Their per capita incomes and currency values are a few multiples of ours. For example Singapore and S. Korea’s per capita incomes are US$35,400 and US$16,700 respectively while Malaysia is lagging badly at a mere US$8000. S. Korea has also exceeded us in technological products and has many global brands while all we have is Proton which cannot compete outside its domestic protected market
We appear to be stuck in the middle income trap. On one hand we are unable to compete with low cost countries such as China, India and Vietnam but on the other hand we are unable to move up the value chain to a high income knowledge based economy due to lack of skilled workers. We are unable to attract skilled foreigners to our shores while skilled Malaysians are leaving in droves. Meanwhile we are importing masses of low skilled foreigners which depress our wages. As a result our wages have remained stagnant for the past 15 years while the cost of living has escalated. The net result is that the standard of living of ordinary Malaysians is regressing due to depreciation of real income while our income gap is the widest in Asia.
The economy of a country cannot be treated in isolation to its social, human and political factors. It is closely interrelated to education, meritocracy, corruption, natural resources, productivity, creativity, democracy and rule of law among others. A strong and robust economy is the net result of good governance, good policies and proper use of resources and is reflected in the happiness and wellbeing of its citizens. In this article I shall try to explain how Malaysia has stumbled and sowed the seeds of its economic decline.
If any single factor can be blamed for the poor health of the Malaysian economy it is racial policies. Meritocracy is the natural selection of the economy; it ensures that the best and brightest people and companies rise to the top just as natural selection in the ecosystem ensures that the strongest and fittest organisms survive and propagate for the wellbeing of the species. If race has replaced meritocracy as the qualifying factor it means that we are not making full use of our human and natural resources with detrimental effect on our competitiveness.

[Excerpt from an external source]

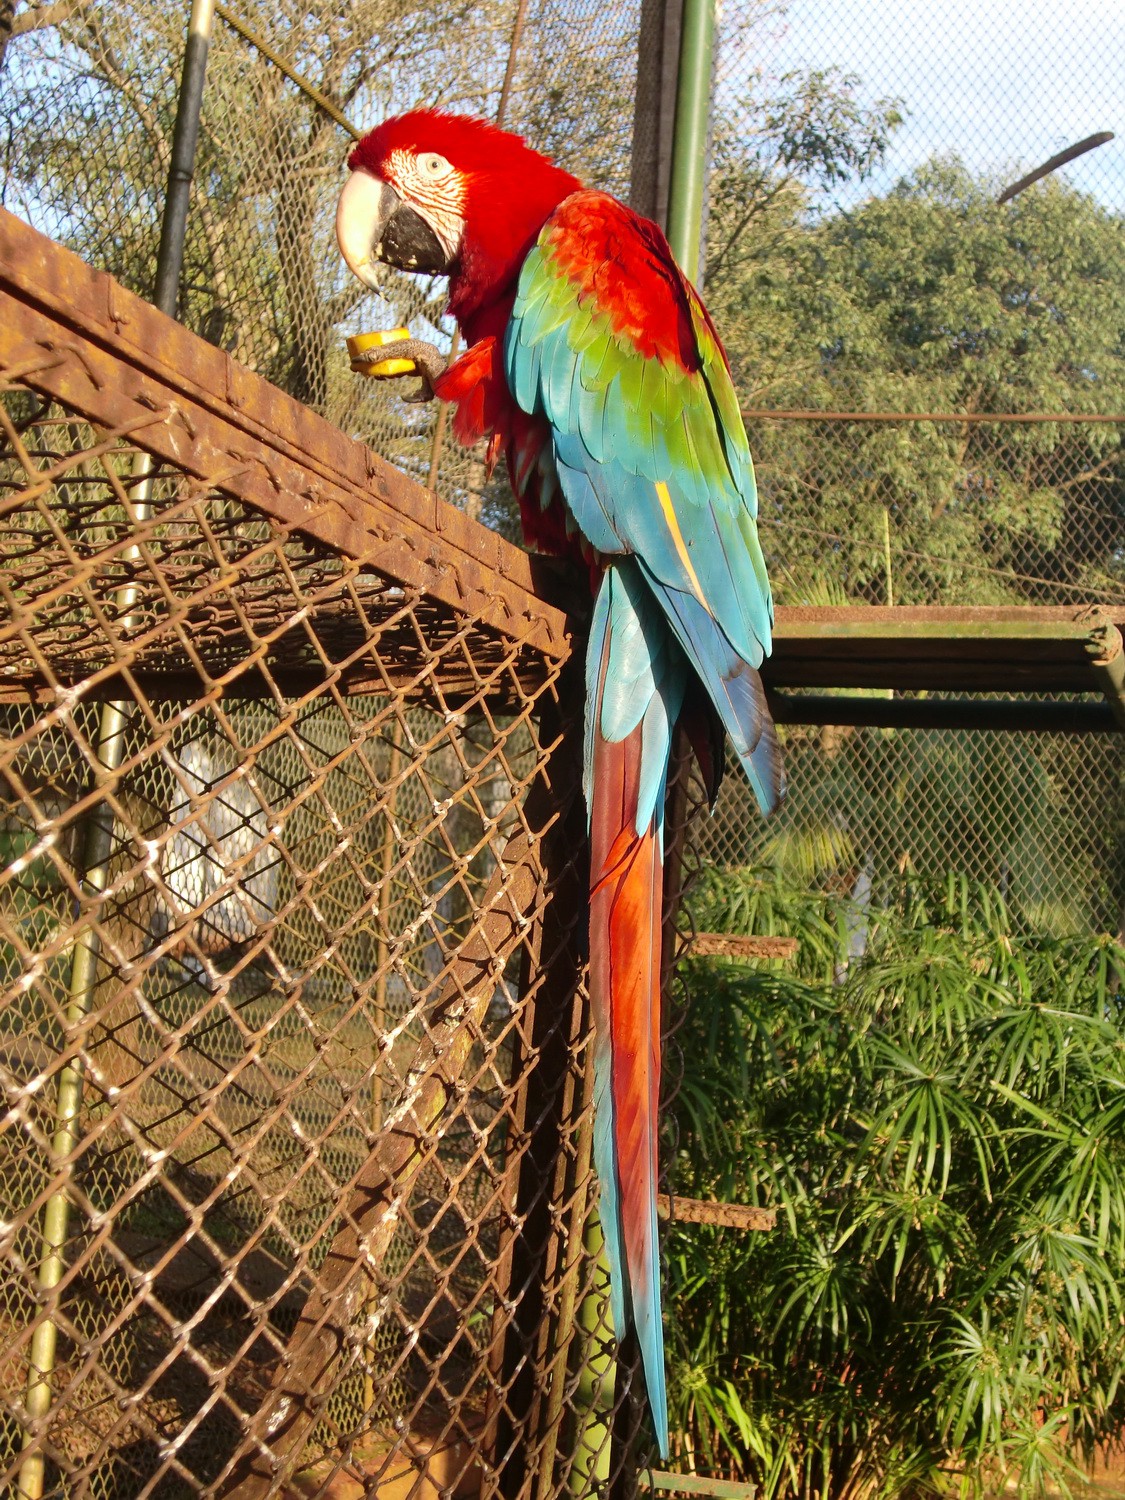 Papagayo Rojo (Red Parrot) in the Itaibu Zoo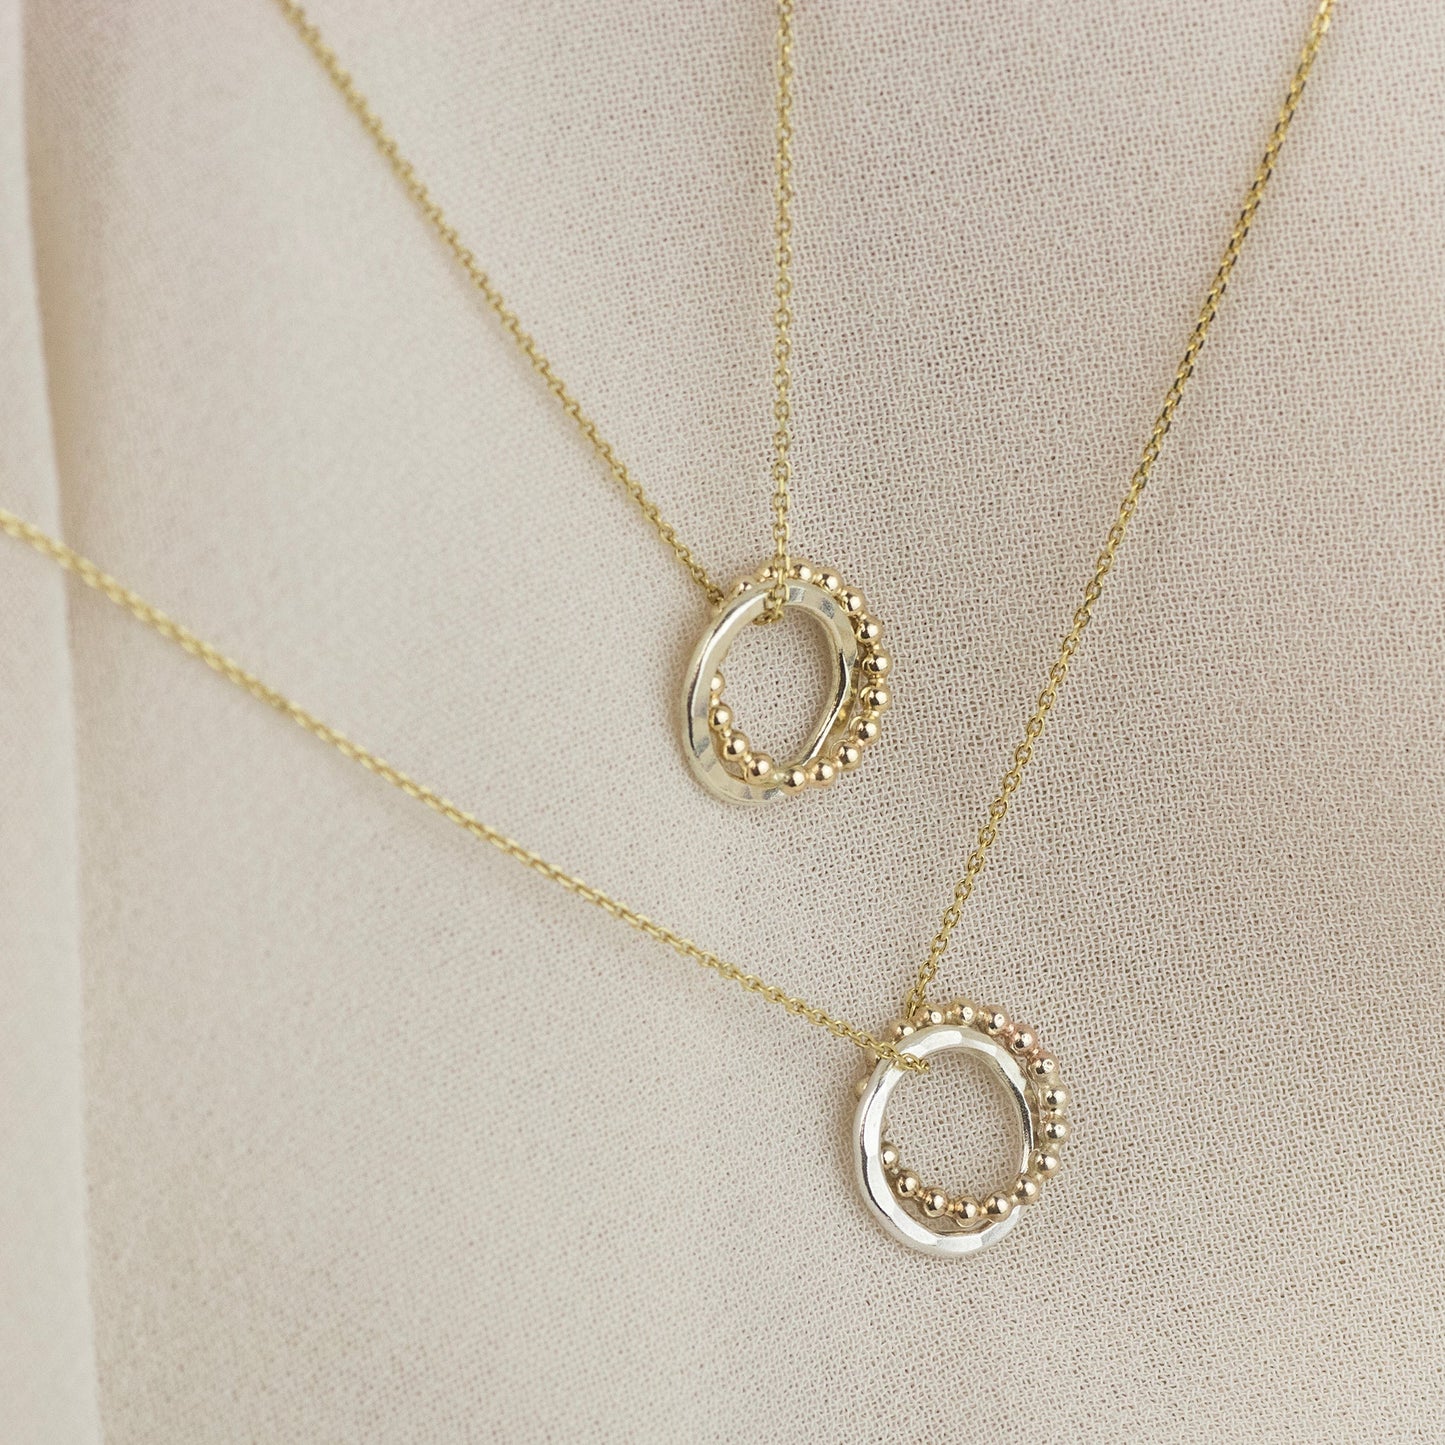 Friends Necklaces Matching Set - 9kt Gold & Silver Love Knot Necklaces

Even worse, racial policies as embodied in the NEP has encouraged rent seeking and created a culture of bumiputraism where rewards are expected by a privileged group without the requisite effort. It has also led to patronage in the form of negotiated and bloated contracts such as those given to IPPs and toll concessionaires which distort economic efficiency with consequent higher cost to consumers.
Exclusion of other races from government tender and procurement means that the government does not get the best price or the best vendors. The preferential treatment and government assistance given to bumiputra contractors, suppliers and entrepreneurs shield them from real market forces which would have made them stronger and more competitive.
The special economic privileges espoused by bumiputraism require the productivity of other races to sustain. The government cannot give something for free to anybody without taking it from someone else who must give it up for free. Essentially this means a lower overall productivity and an injured entrepreneur spirit among the minority races.
Unfortunately Malaysia’s racial policies cover more than just economic privileges, it also intrude into education, employment, sports, licensing, government linked investment funds, buying houses, petrol station dealerships and new share applications and indeed into every facet of human endeavour. It is sad to say that racial policies are woven into the very fabric of Malaysian society.
The Chinese have fared better under Malaysia’s racial policies due to various factors such as their emphasis on education, their clans, the large domestic Chinese economy and their entrepreneur spirit but the Indians have become an underclass. However if any community is held back from achieving its full potential the whole country suffers.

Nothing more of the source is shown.